- **Prompt**: Give the data again word for word; drop the pictures.

- **Raw data**:
((

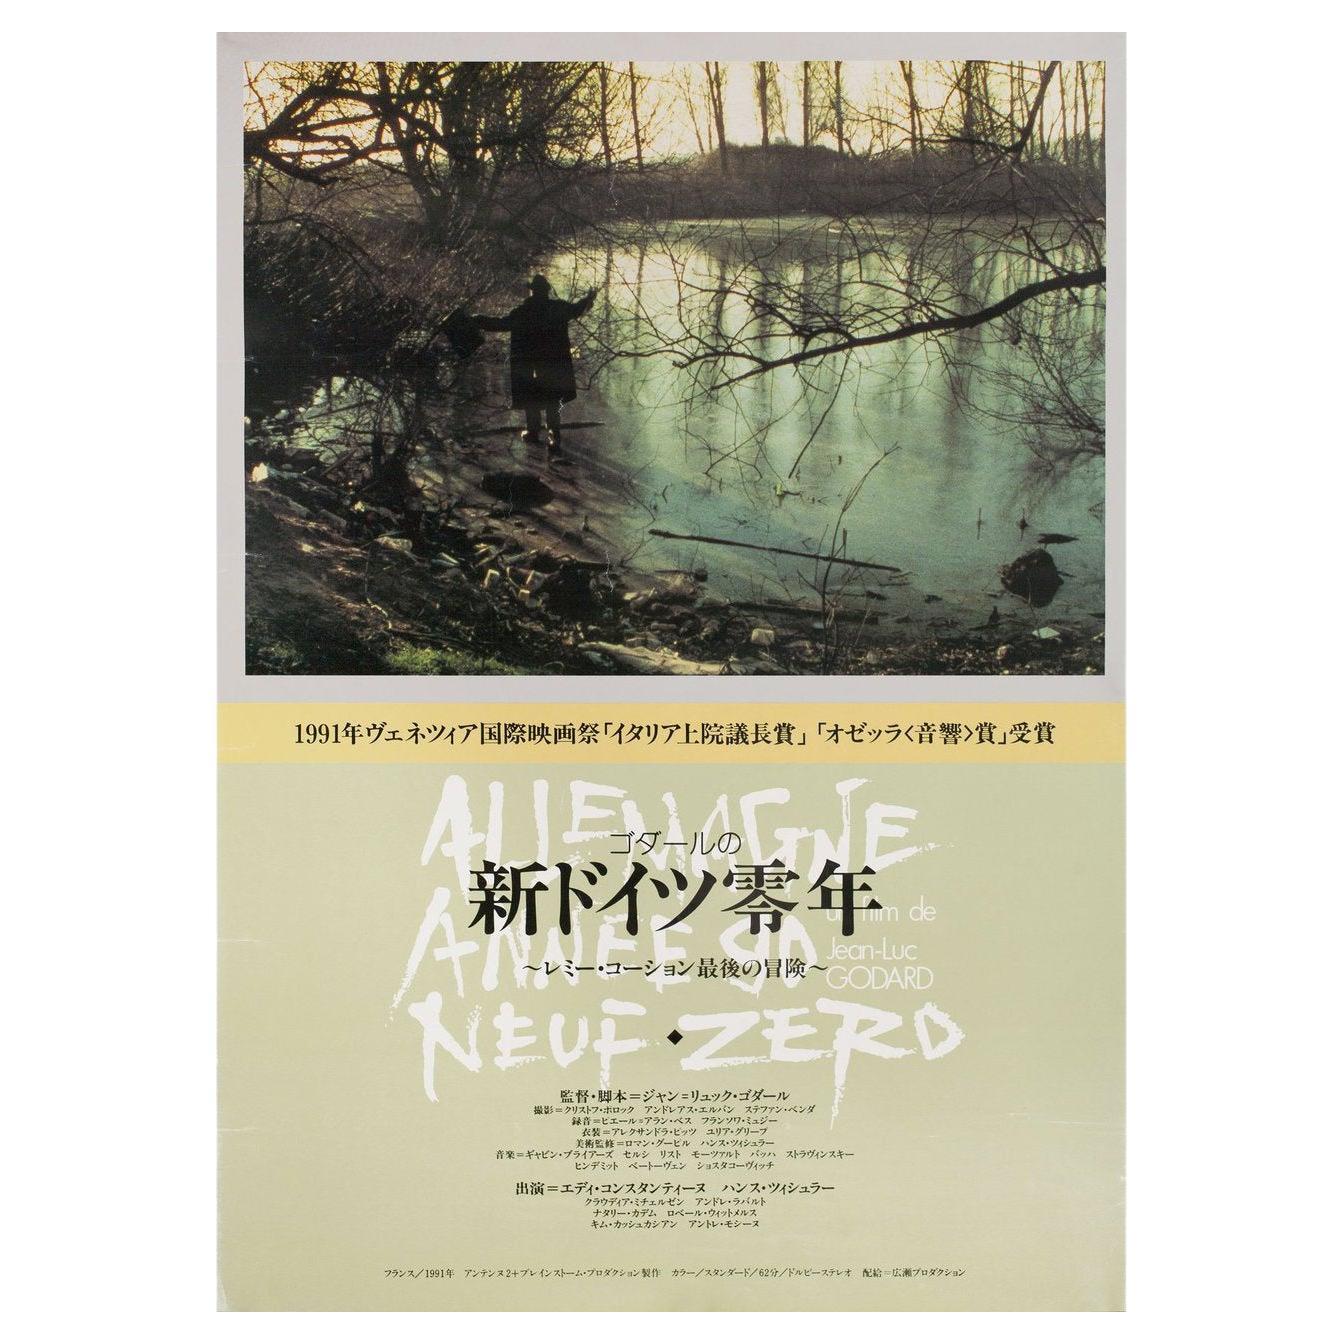 Germany Year 90 Nine Zero 1991 Japanese B2 Film Poster For Sale
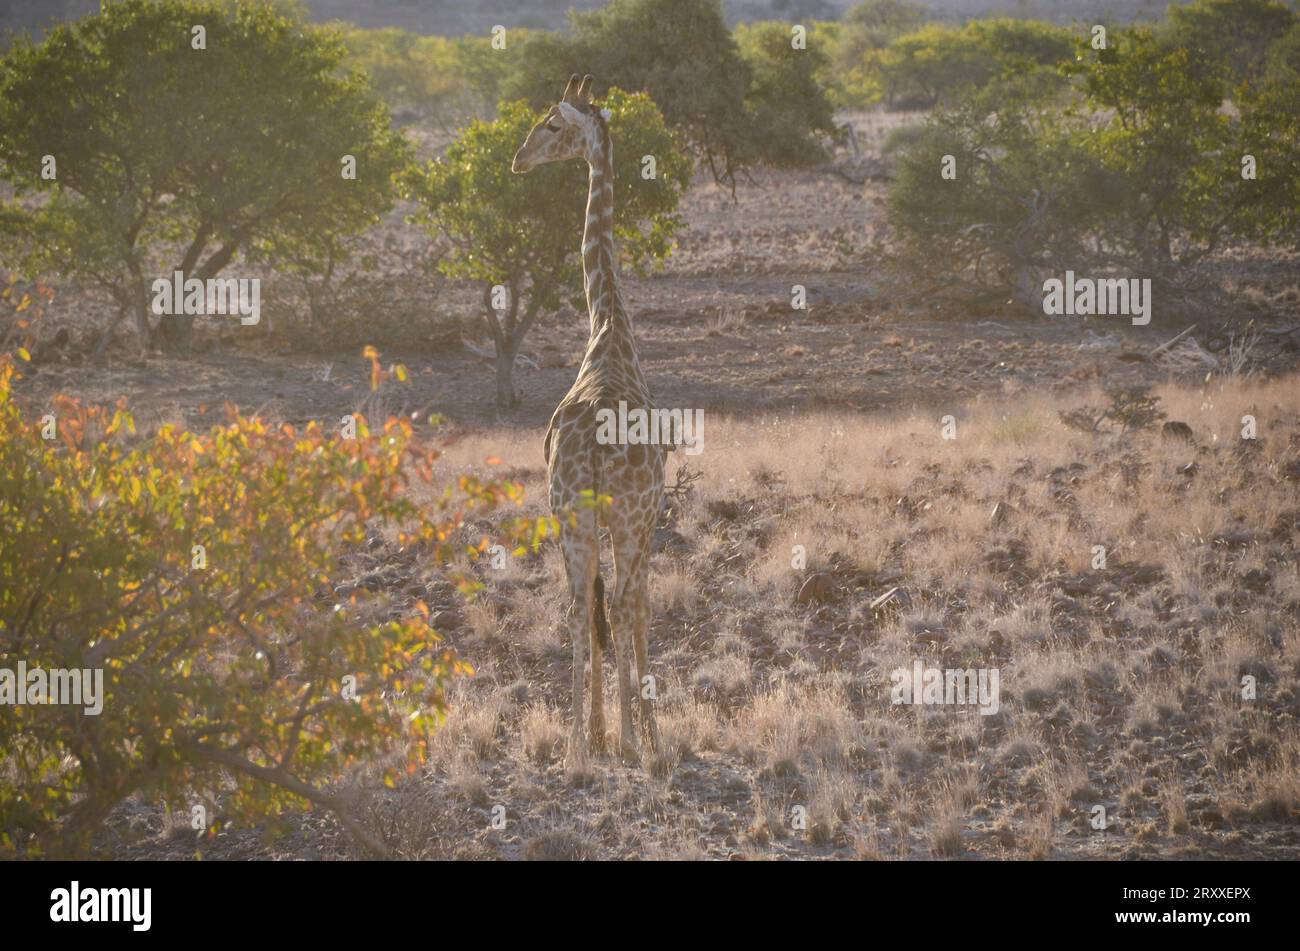 giraffe in the Kaokoland region, namibia Stock Photo
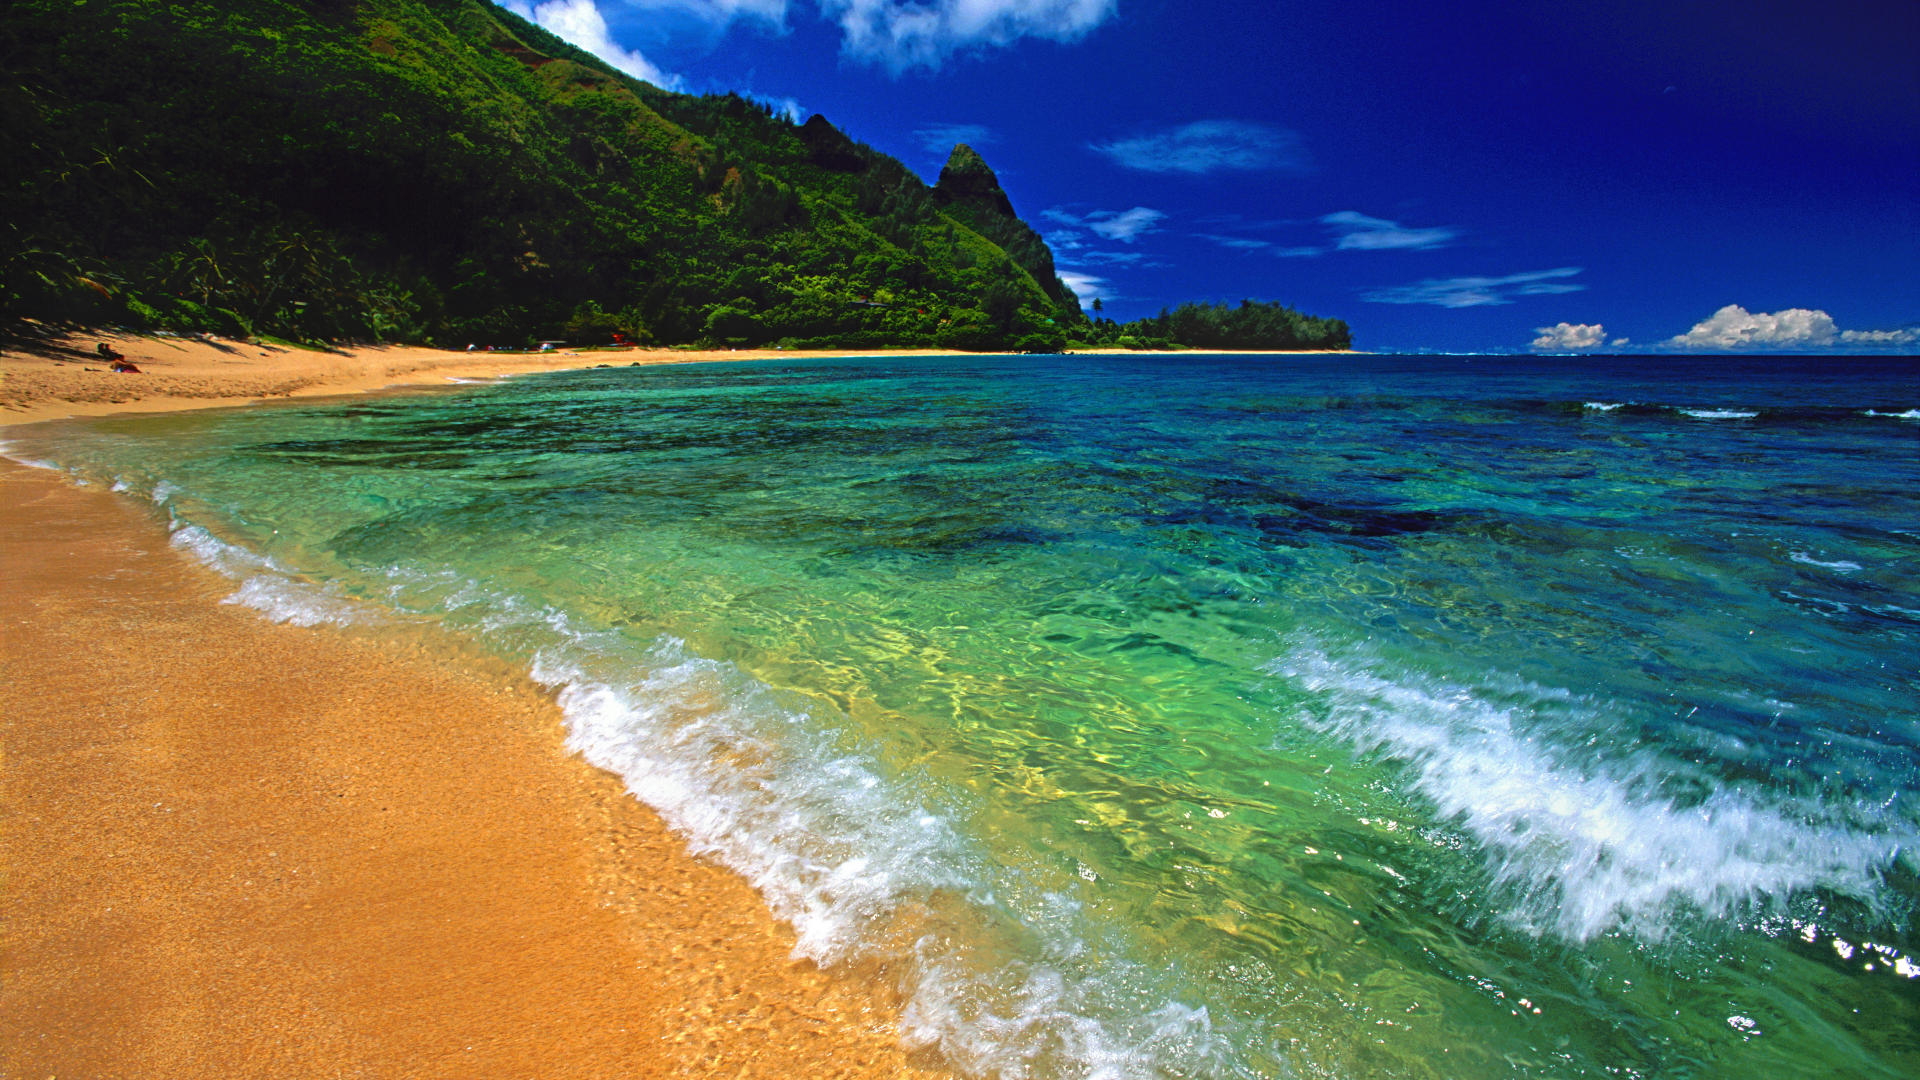  Backgrounds and Wallpaper   Tunnels Beach Kauai Hawaii   Always Free

))

- **Solution**:
 Germany Year 90 Nine Zero 1991 Japanese B2 Film Poster For Sale
 giraffe in the Kaokoland region, namibia Stock Photo
  Backgrounds and Wallpaper   Tunnels Beach Kauai Hawaii   Always Free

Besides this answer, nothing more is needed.